* **Data segment**

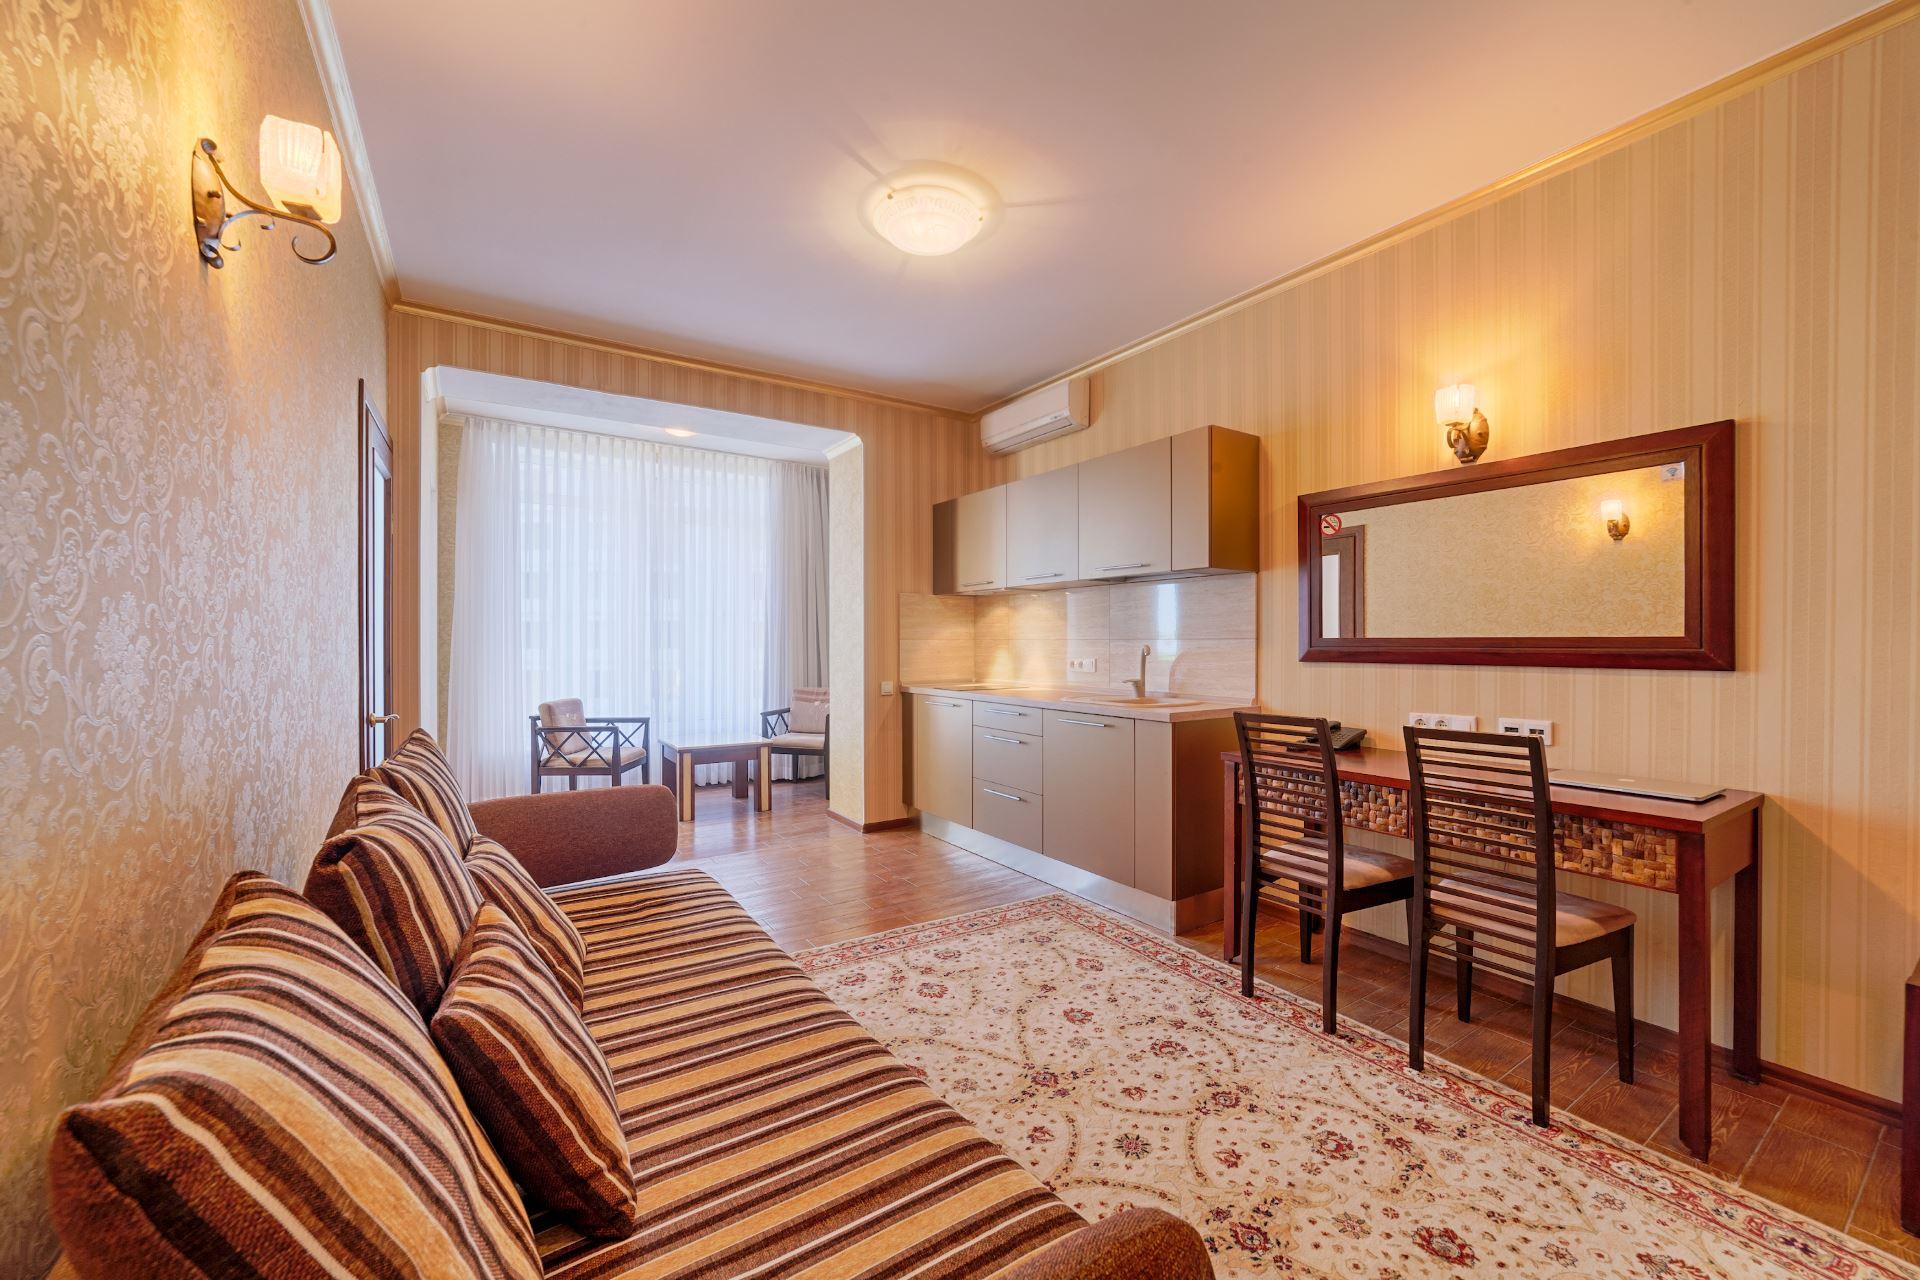 Apartments_MG_0341_HDR
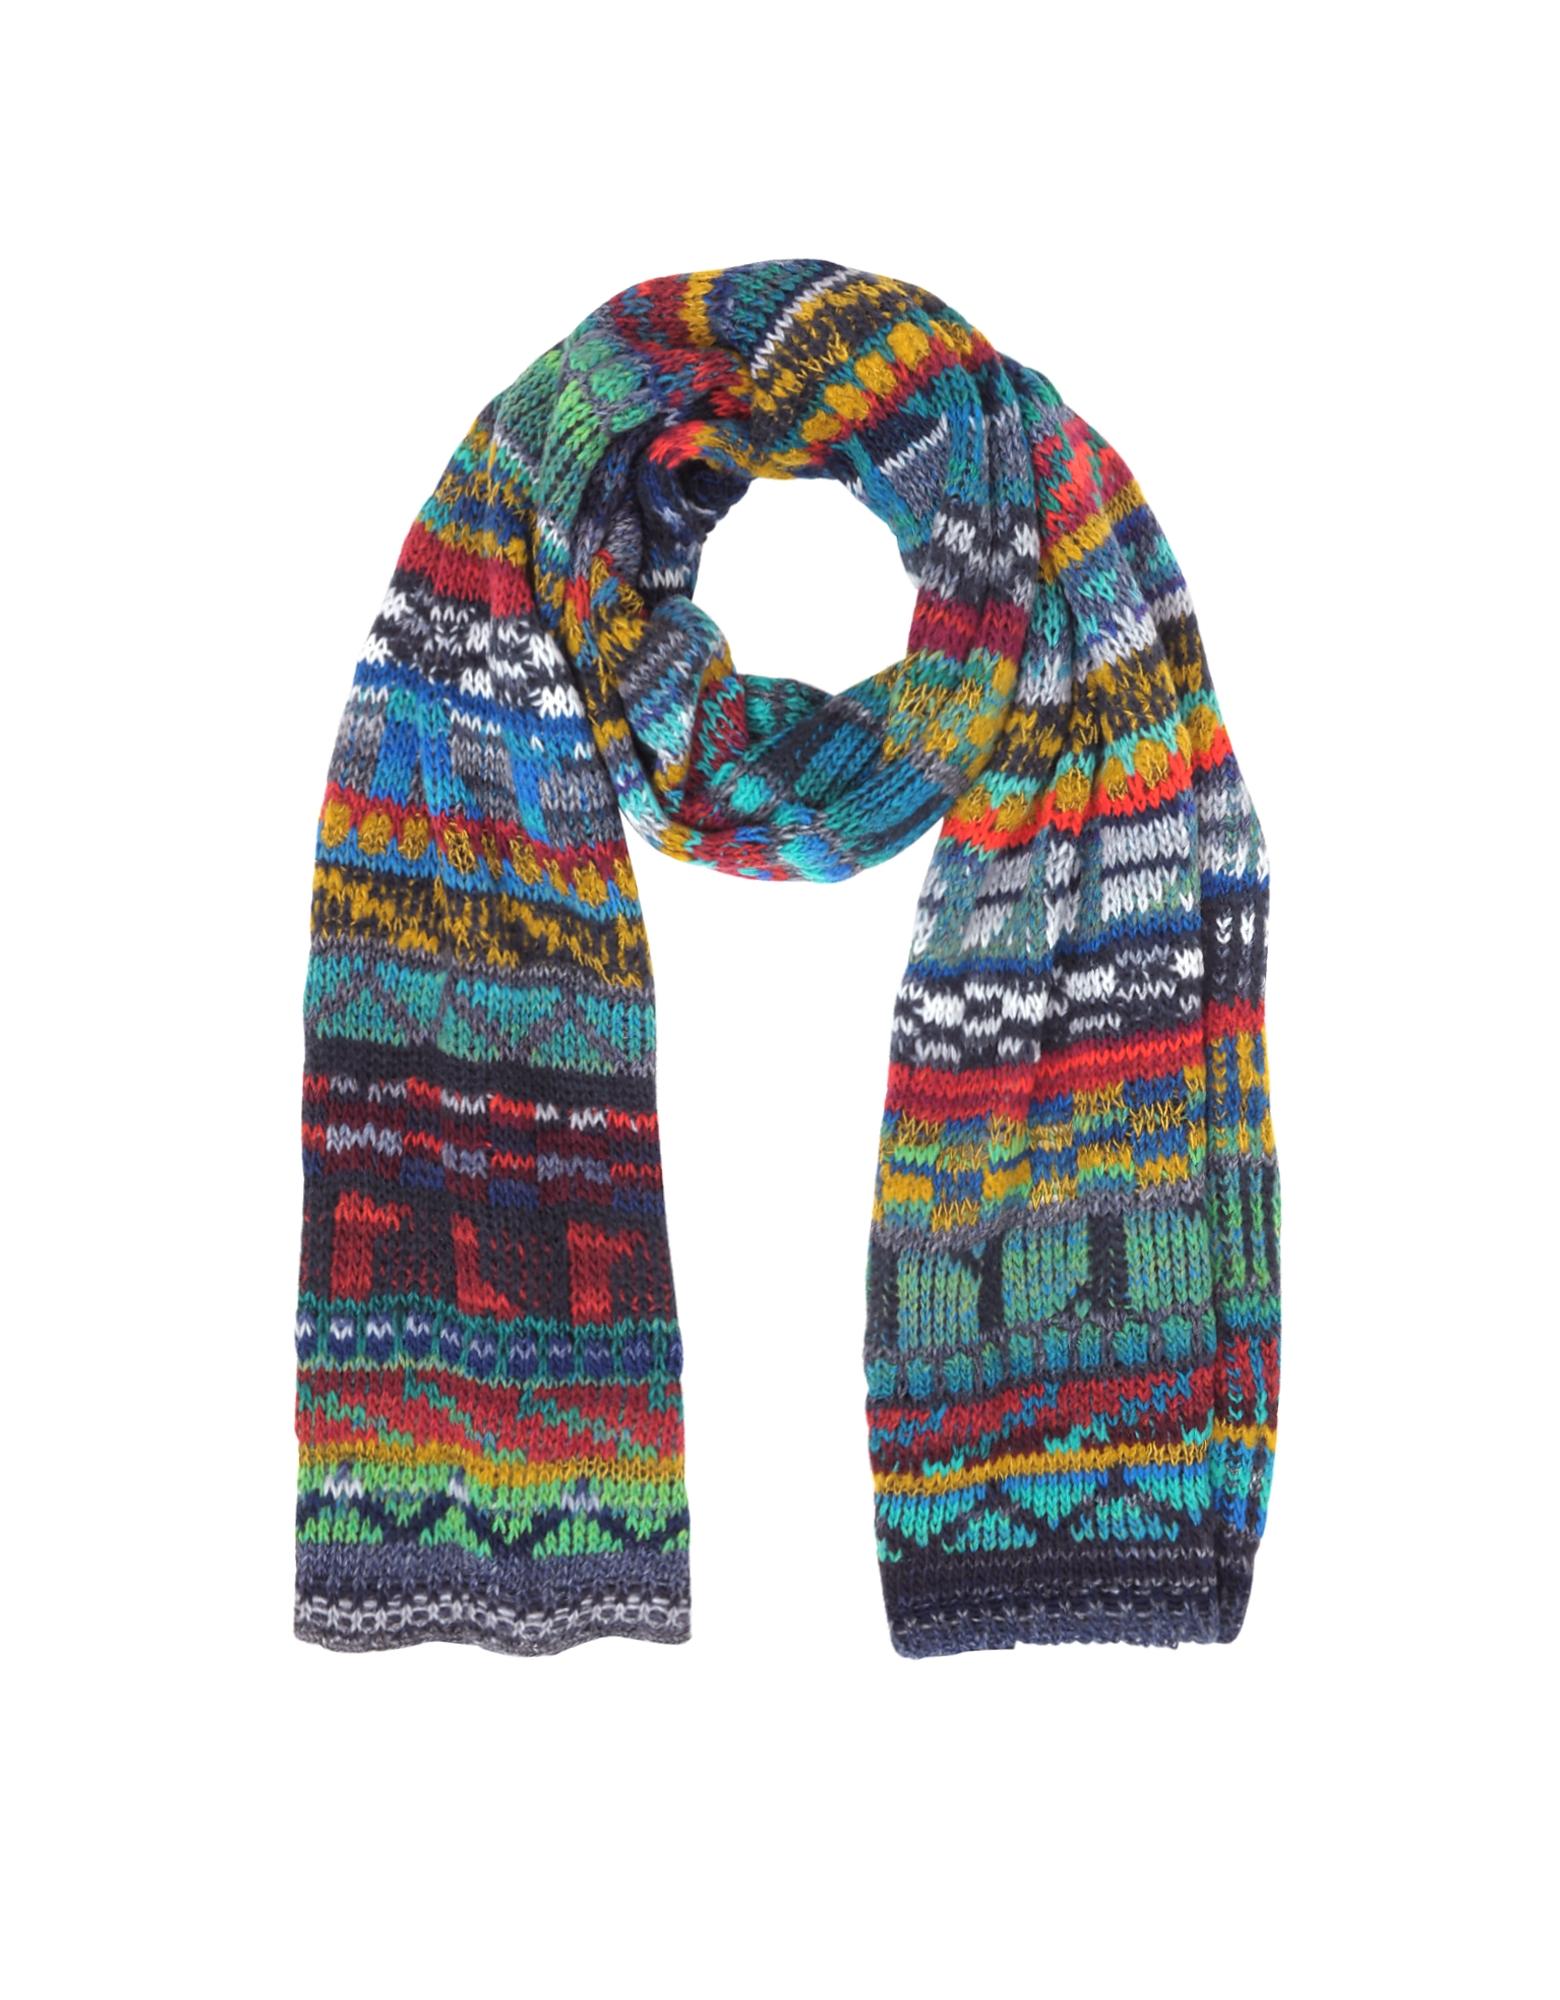 Wool Blend Knit Men's Long Scarf
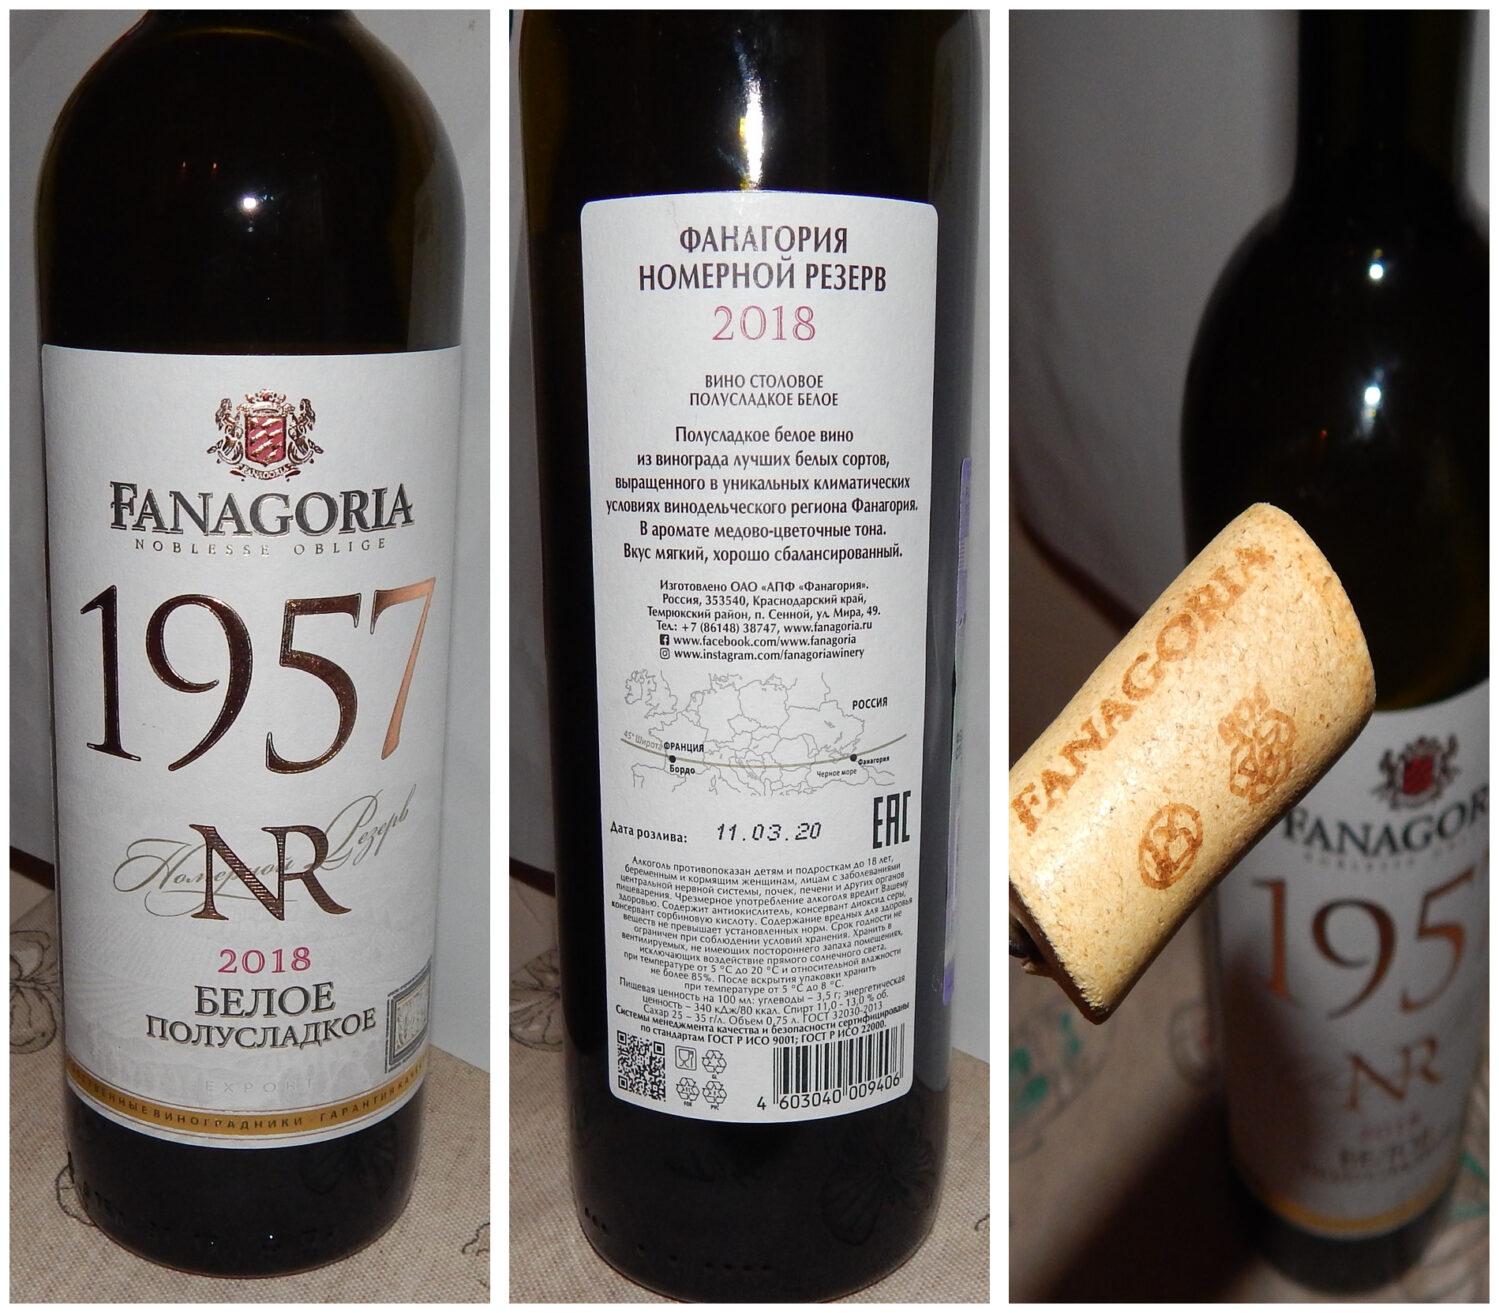 phanagoria white semi-sweet wine

* **Requirement**
Transcribe all of the data above exactly; no picture belongs in the copy.

* **Expected answer**
 Apartments_MG_0341_HDR
 Wool Blend Knit Men's Long Scarf
 phanagoria white semi-sweet wine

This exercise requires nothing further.